My son has a physical education class and a class for outdoor activities nearly every day, but they often remain seated in the classroom in those classes
Adele Li, mother of an eight-year-old in Shanghai
Many parents had ignored the advice of education authorities to reduce the academic burden on students, pushing their children to take after-school classes that increased their homework commitments.
In 2018, reducing myopia rates became a national priority, with Beijing vowing to bring them to under 60 per cent in junior high schools and under 70 per cent in senior high schools by 2030.
More than 10 years ago, China’s State Council released a directive to schools to ensure all students took part in one hour of outdoor exercise. However, it has largely been ignored, parents say.
“My son has a physical education class and a class for outdoor activities nearly every day, but they often remain seated in the classroom in those classes either because they are taken over by teachers of other ‘more important’ subjects or the weather is bad,” said Adele Li, mother of an eight-year-old in Shanghai.
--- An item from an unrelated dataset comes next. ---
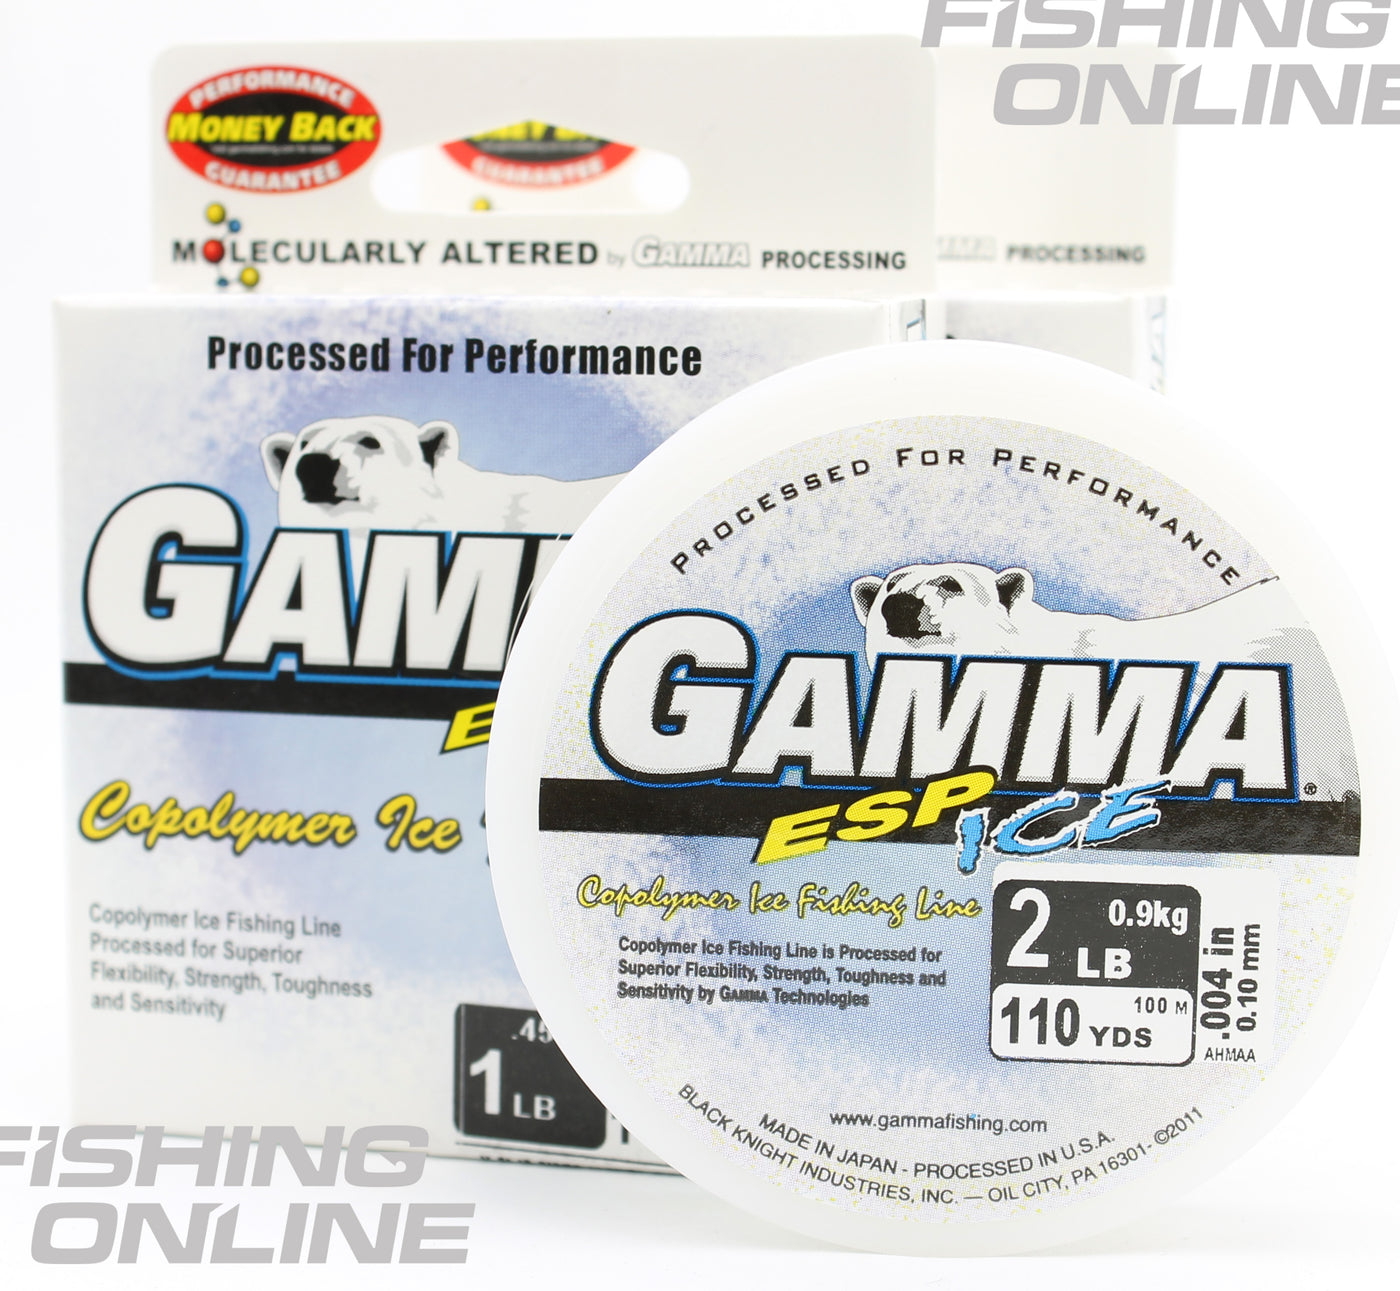 GAMMA ESP ICE Copolymer Ice Fishing Line – Fishing Online

“They are not allowed to go to the playground during breaks because the school fears there can be accidents.”
The growing prevalence of myopia is not just a Chinese problem, but is an especially common issue throughout East Asia, where students are under enormous pressure to perform academically.
In Hong Kong, about 17 per cent of children are already nearsighted by the time they start grade one, according to the Department of Health, with the percentage increasing to about 53 per cent by grade six.
In Tokyo, myopia was found in over 76 per cent of primary school students and in 95 per cent of junior high school students, according to a study by researchers from the Keio University School of Medicine in 2019.
In comparison, the rate of short-sightedness is about 9 per cent in five-to-17-year-olds in the United States, 14 per cent in Ireland, and 13 per cent in Australia among children aged 11 to 17, according to a 2018 research paper from scientific journal Nature.